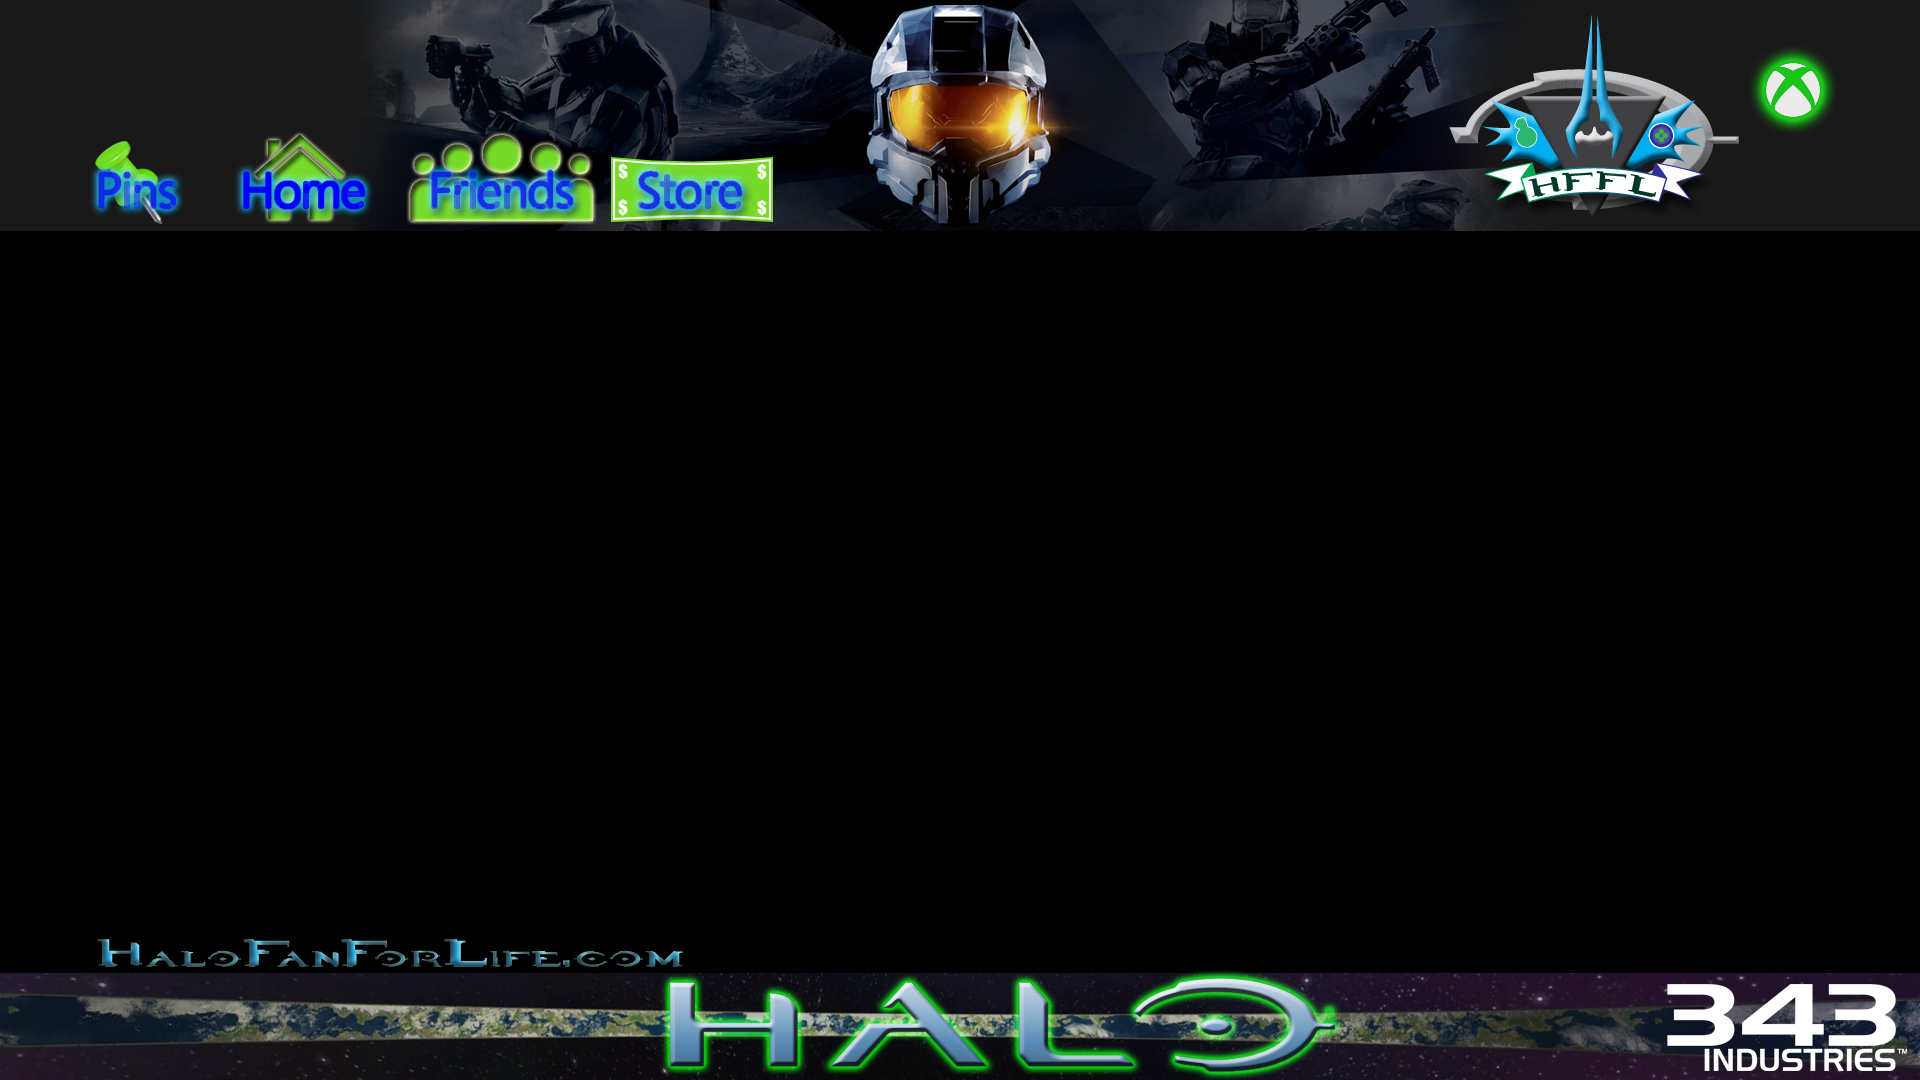 XBOX One to allow custom back grounds! (HFFL custom background!!!) |  HaloFanForLife
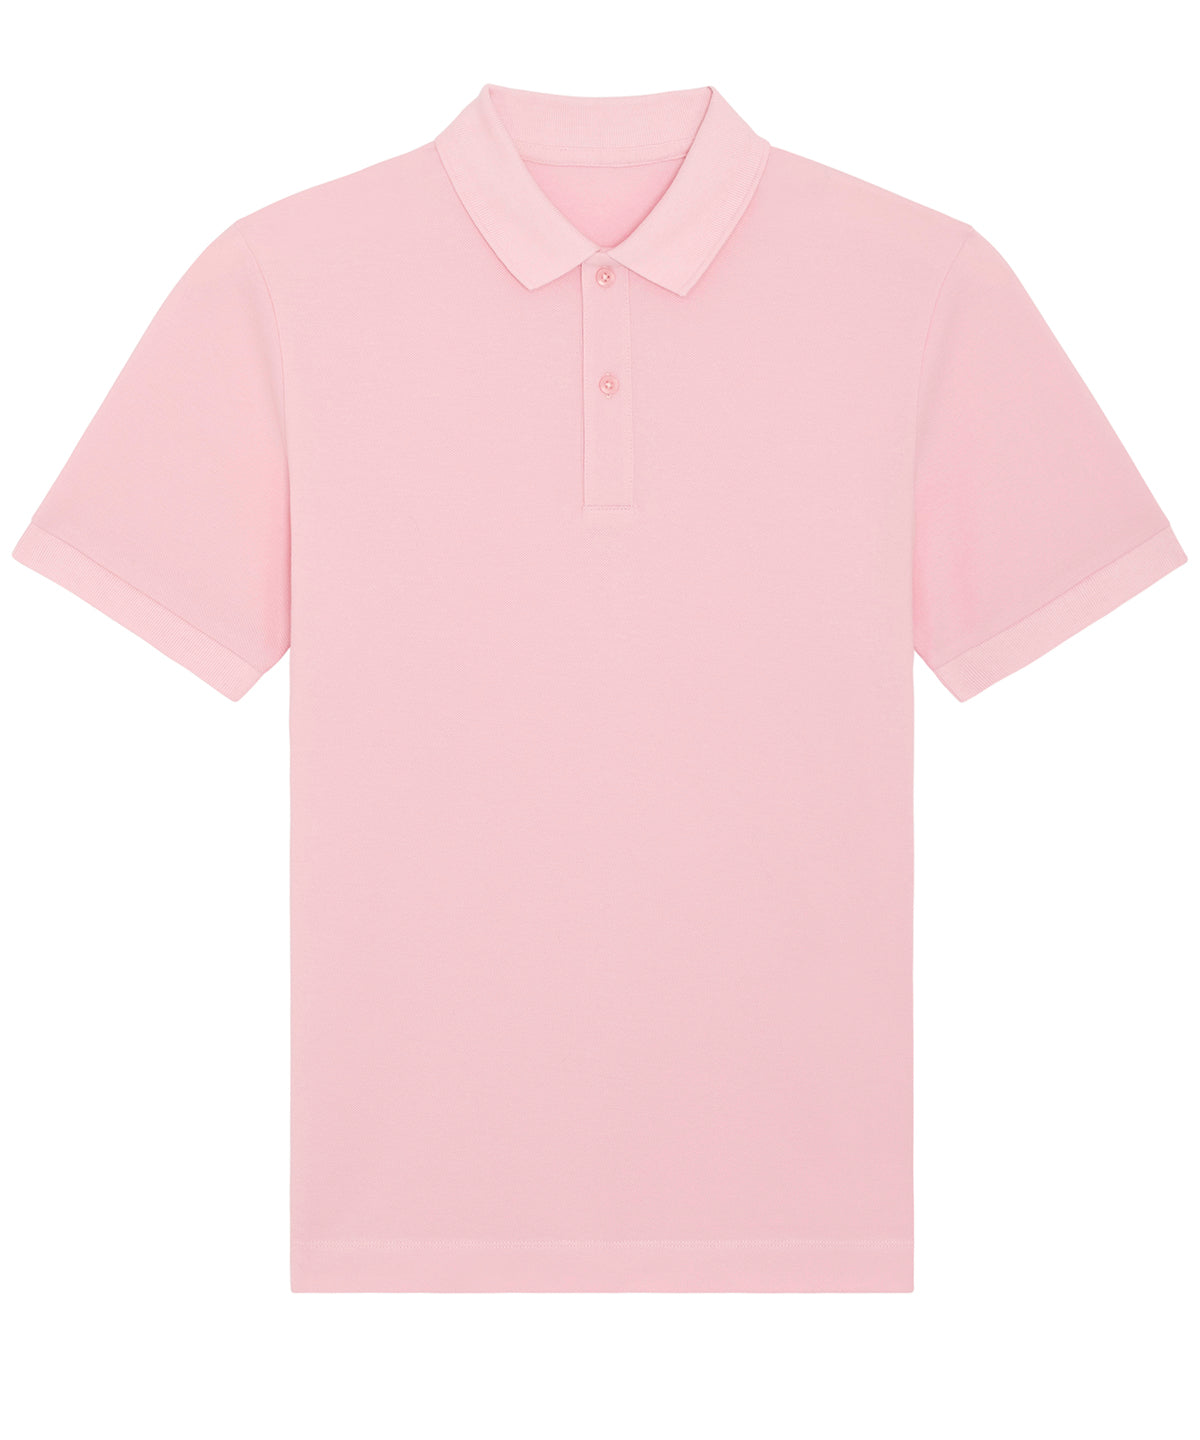 Stanley/Stella Prepster Unisex Short Sleeve Polo Cotton Pink
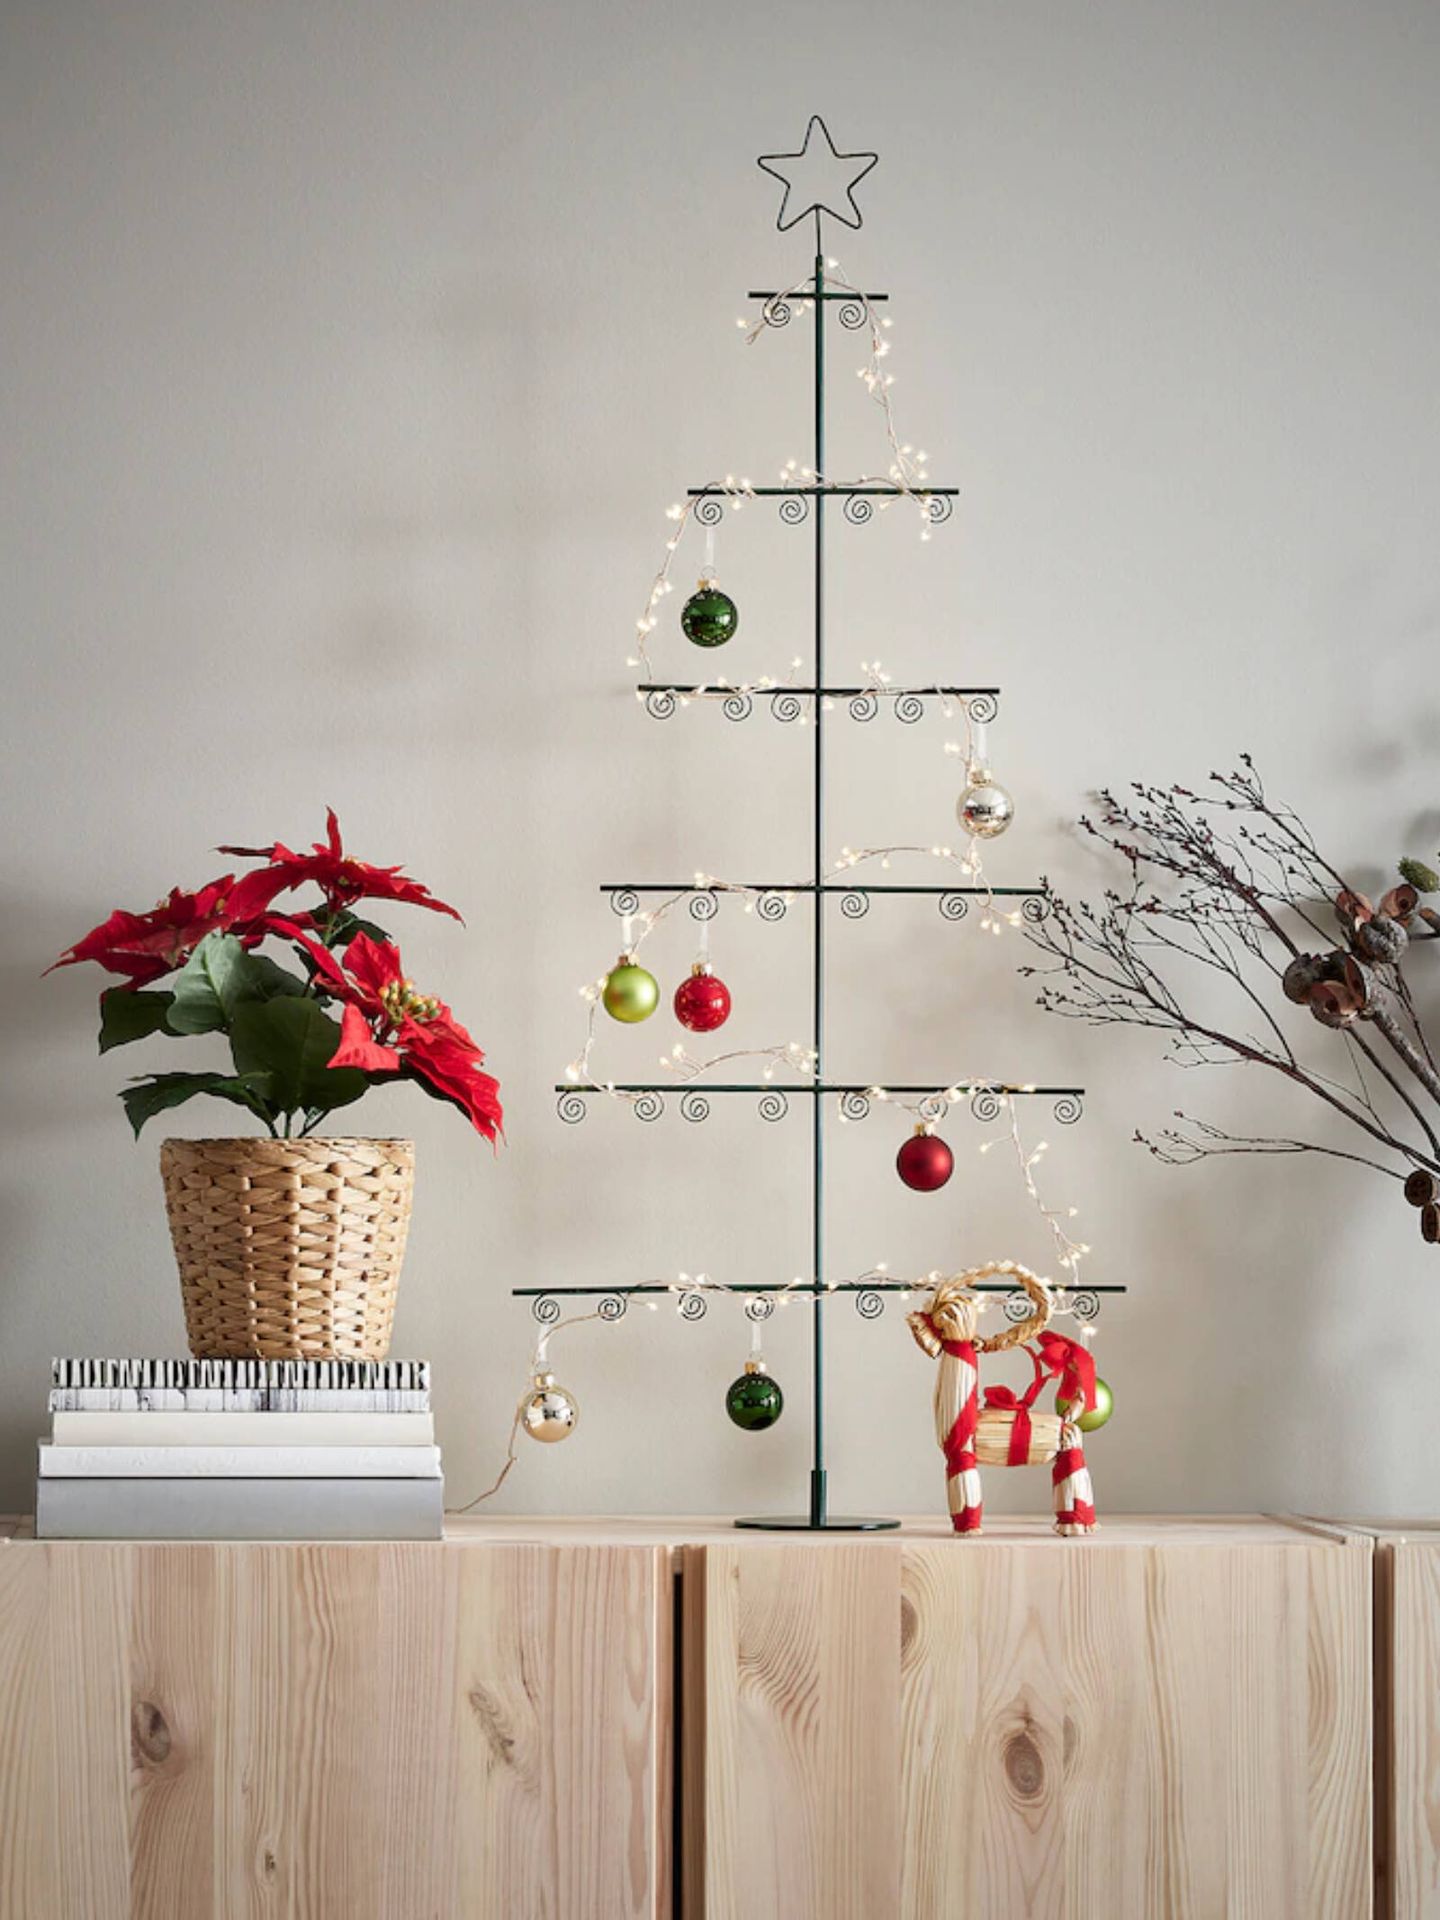 Novedades en decoración navideña de Ikea. (Cortesía)

= = =

# [Task to carry out]
The result should be every line of the data, reproduced exactly, with the images removed.

# [Written reply]
 XBOX One to allow custom back grounds! (HFFL custom background!!!) |  HaloFanForLife
 Stanley/Stella Prepster Unisex Short Sleeve Polo Cotton Pink
 Novedades en decoración navideña de Ikea. (Cortesía)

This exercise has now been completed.